What sort of data are you referring to? Sequencing reads? HUMAnN profiles?
Yes, I have some sequencing data from the metagenome. I learned that UniRef90 and UniRef50 gene families are available to the following systems：
- MetaCyc Reactions
- KEGG Orthogroups (KOs)
- Pfam domains
- Level-4 enzyme commission (EC) categories
- EggNOG (including COGs)
- Gene Ontology (GO)
- Informative GO
But I don’t know how to map to other databases，such as ARDB database.

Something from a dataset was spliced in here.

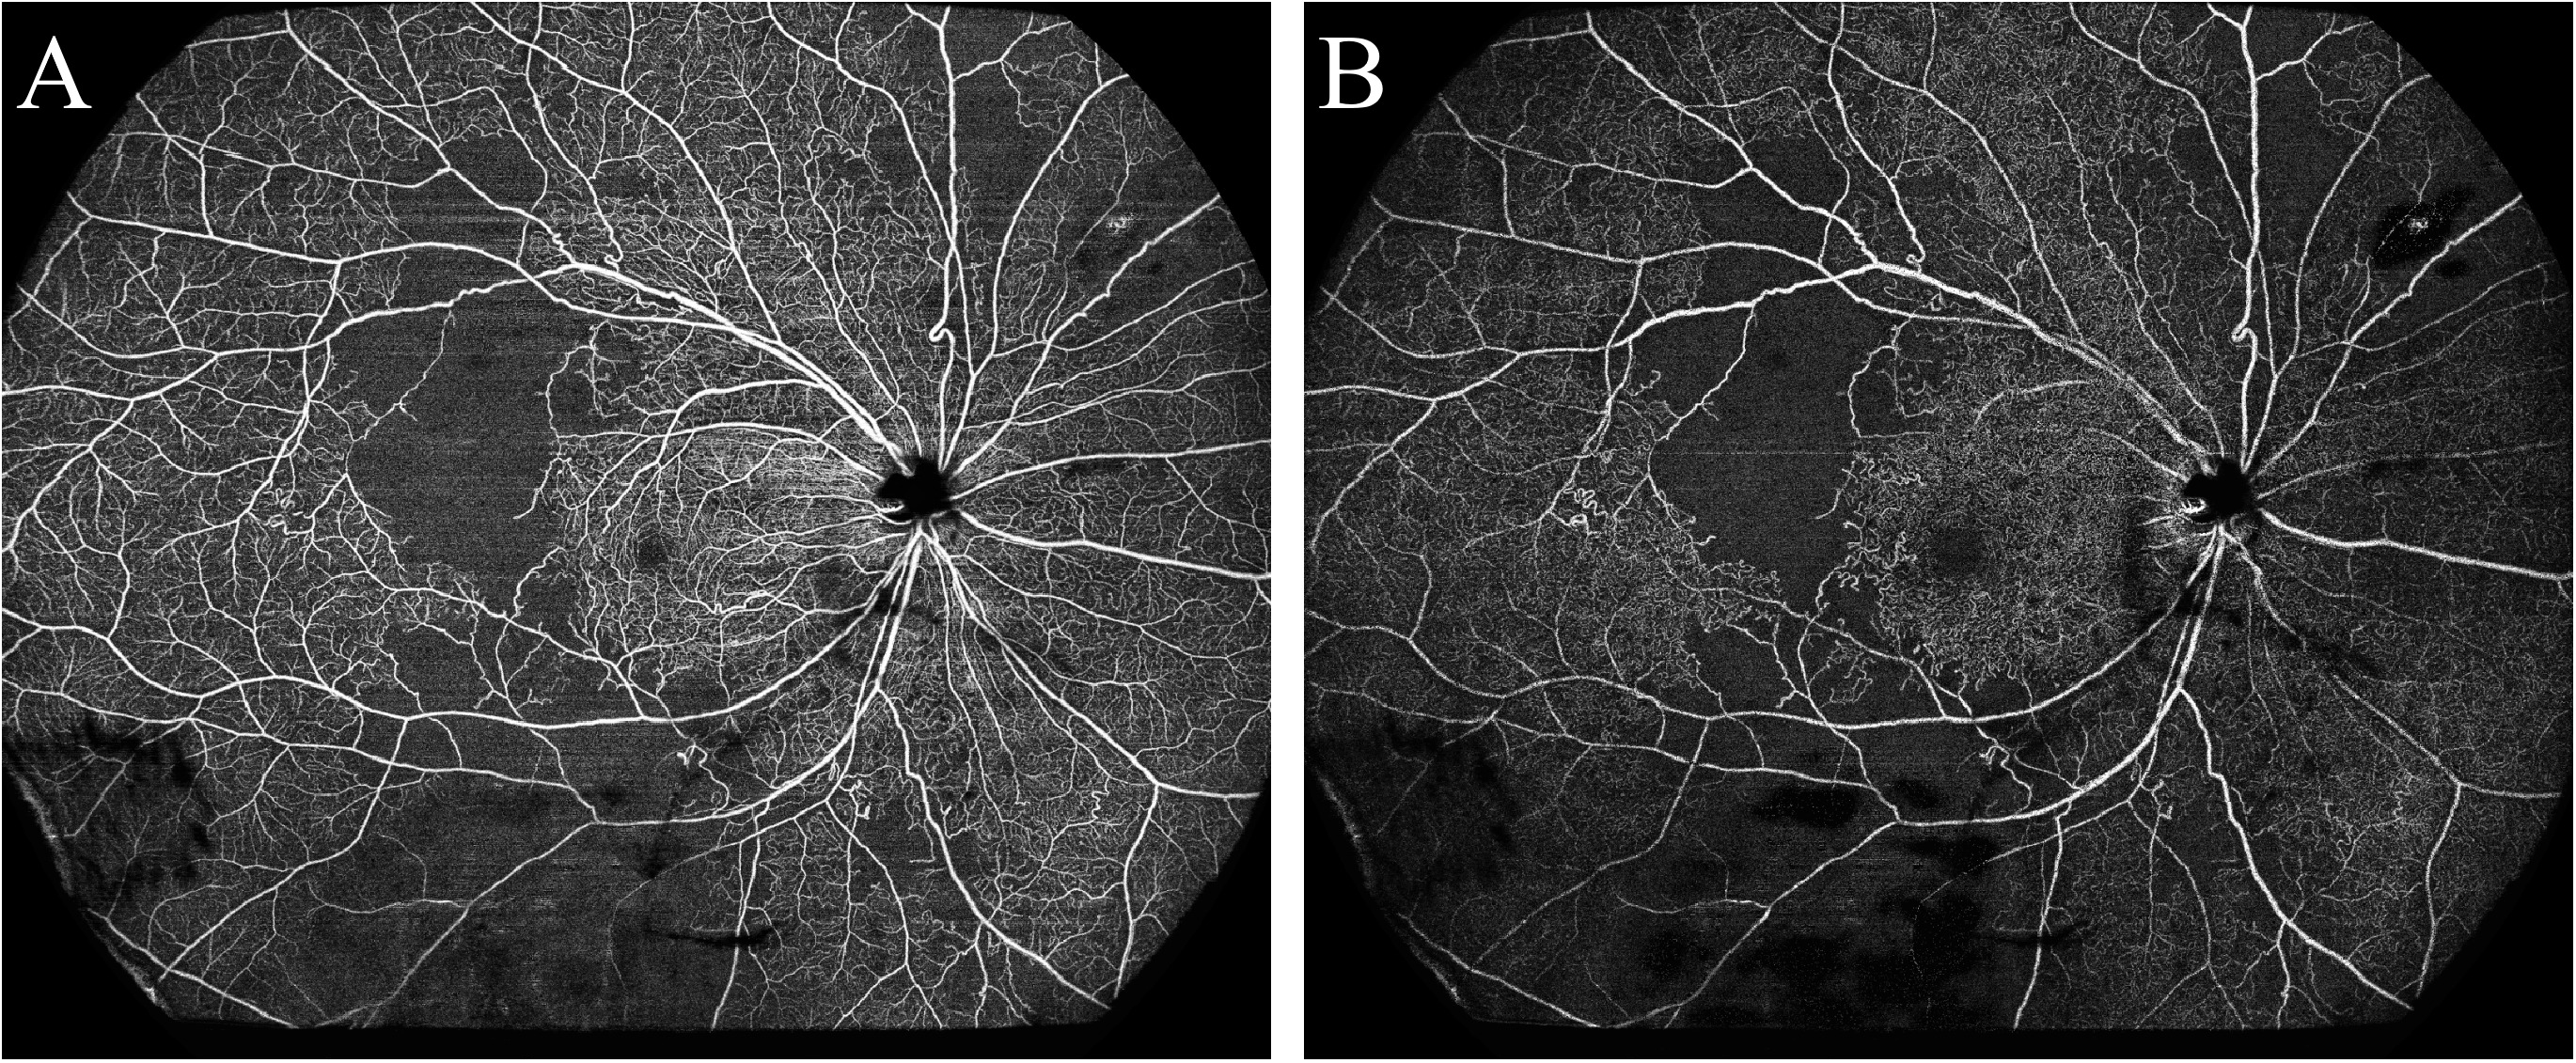 Vessel Density Changes and It Is Positively Correlated with Disease Activity in SLE Eyes

I see what you mean. We don’t have ARDB-UniRef maps among the utility mapping files, that’s true. I’m not sure if it’s something that UniProt catalogs internally? In any case, you can build a custom mapping file for the
regroup_table script by listing e.g. an ARDB familiy followed by a tab-delimited list of UniRefs, as in:
ARDB1<tab>UniRef1<tab>UniRef2<tab>UniRef3 ARDB2<tab>UniRef4<tab>UniRef5 ARDB3<tab>UniRef6<tab>UniRef7<tab>UniRef8 ...
You would need to find the ARDB-UniRef relationships in either the UniProt or ARDB database OR determine them by homology (e.g. aligning ARDB proteins to the HUMAnN UniRef database with DIAMOND, for exampple).
@wfgui , did you have any luck here? Working on something similar.